Further, in some aspects, the comparison module 142 compares the formatted incident data to historic incident information, and recommends a mitigation action 138 employed to resolve a historic incident having incident text that matches the incident text of the incident. For instance, in some aspects, the comparison module 140 employs correlation analysis (e.g., a cosine similarity process) to identify that the incident data 114 of a current incident has a correlation value above a predefined threshold with incident data 114 for one or more historic incidents, determines a previously-employed mitigation action 138 in response to the one or more historic incidents, and recommends the previously-employed mitigation action 138 action as a current mitigation action 138 for the current incident. As an example, the comparison module 142 may determine that formatted incident data 144 for a current incident matches historic formatted incident data 144, identify that network traffic was re-routed as a solution to the one or more incidents associated with the historic formatted incident data 144, and recommend re-routing network traffic as the mitigation action 138 for the incident.

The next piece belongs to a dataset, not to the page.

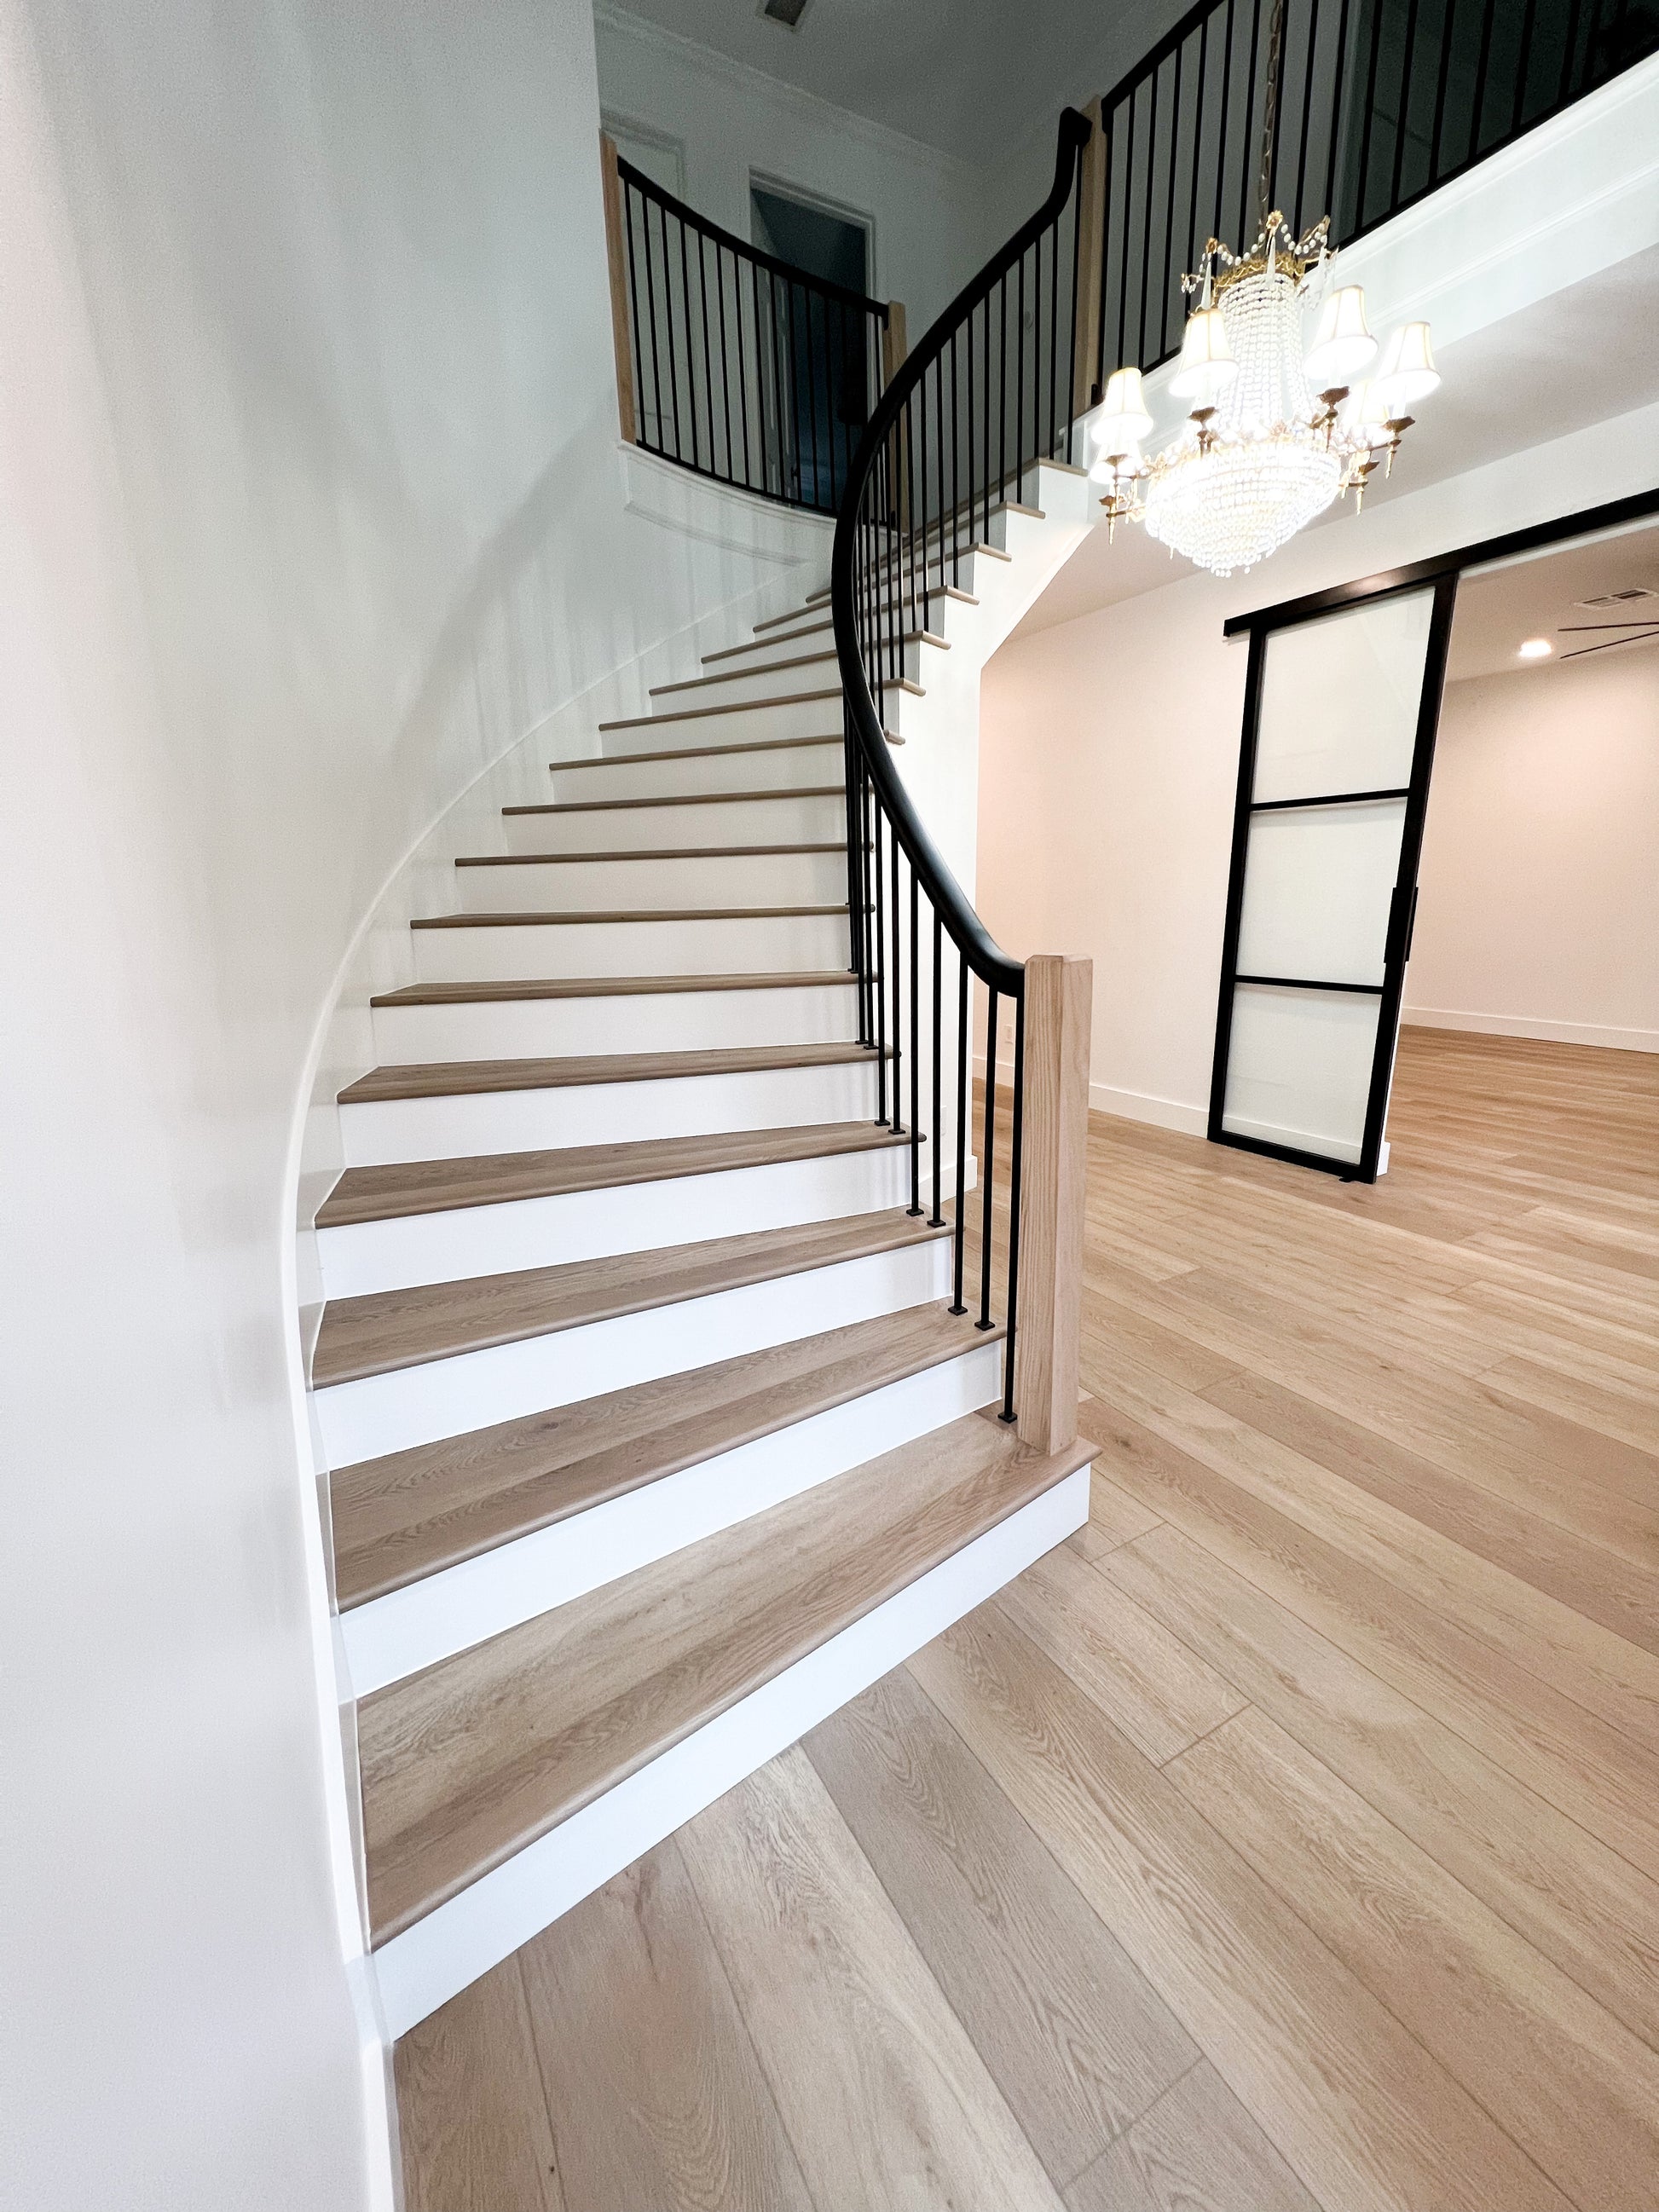 Photo of Rustic Becki Owens Elite Stoneform Flooring set by a staircase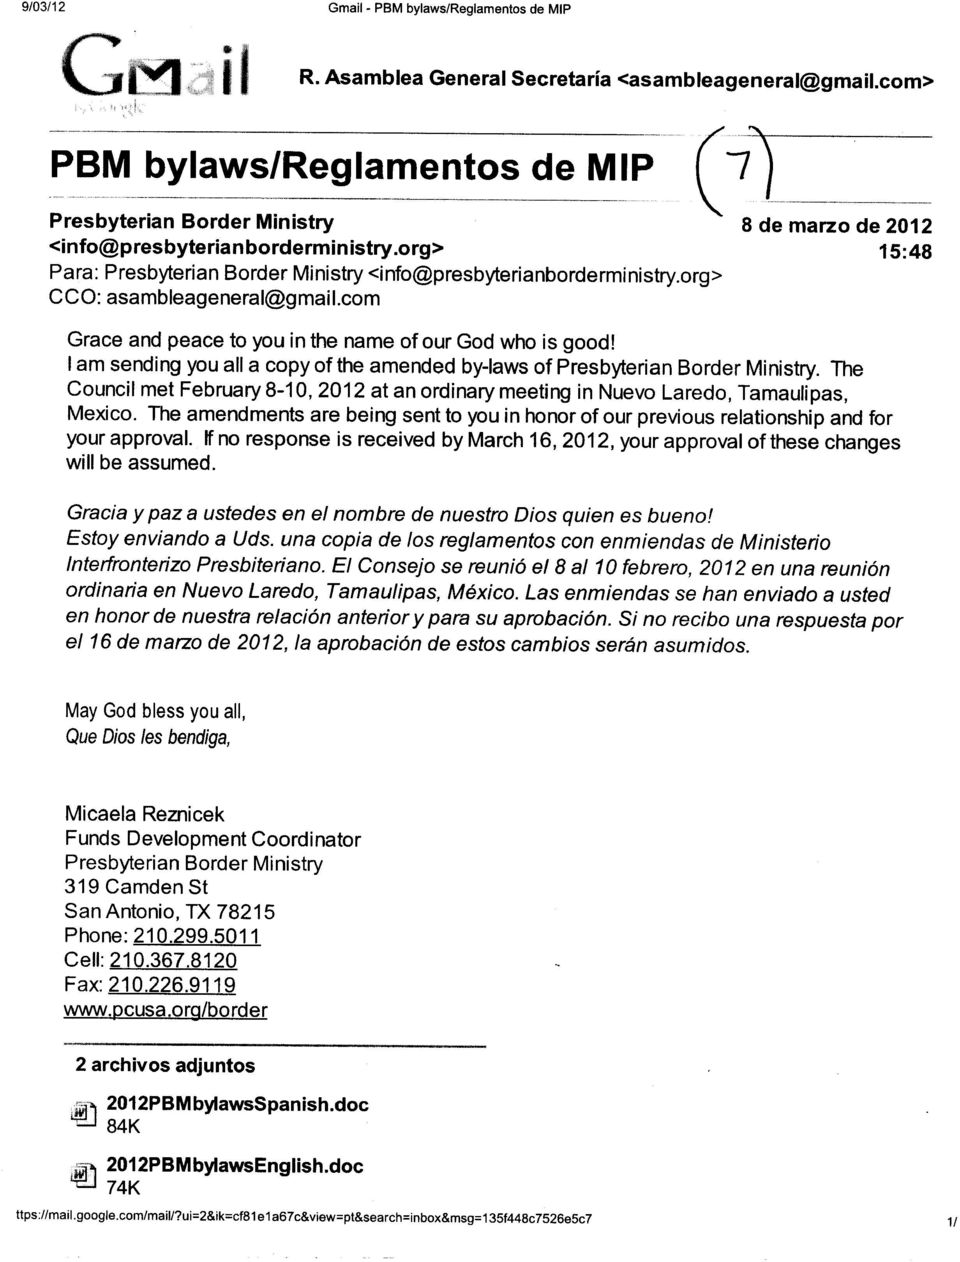 I am sending you all a copy ofthe amended by-iaws of Presbyterian Border Ministry. The Council met February 8-10,2012 at an ordinary meeting in Nuevo Laredo, Tamaulipas, Mexico.

Further, in some aspects, the notification module 128 transmits engagement notifications 116(1)-(n) to the management devices 118(1)-(n). For example, in response to the ML model 126 identifying that an incident assignment group should be assigned an incident, the notification module 128 transmits an engagement notification (EN) 116 to one or more management devices 118 associated with the incident assignment group. In addition, the engagement notification 116 indicates that the incident assignment group has been assigned responsibility for managing the incident, and includes a description of the incident (e.g., a detailed description of the incident). Additionally, in some aspects, the engagement notification 116 for an incident includes a corresponding mitigation action determined by the resolution module 124. Additionally, in some aspects, a management device 118 is configured to present a graphical user interface (GUI) displaying incident information and/or mitigation information based on the engagement notifications 116(1)-(n). For example, in some aspects, a management device 118 generates a GUI displaying incident data 114 for an incident and a mitigation action 138 for the incident based on the content of a engagement notification 116.

FIG. 2 illustrates an example of a keyword feature module 200 (e.g., keyword feature module 120) within a cloud computing system, in accordance with some aspects of the present disclosure. As illustrated in FIG. 2, in some aspects, a keyword feature module 200 includes a dictionary generation module 202, a tokenizer module 204, a matcher module 206, and a feature generator module 208.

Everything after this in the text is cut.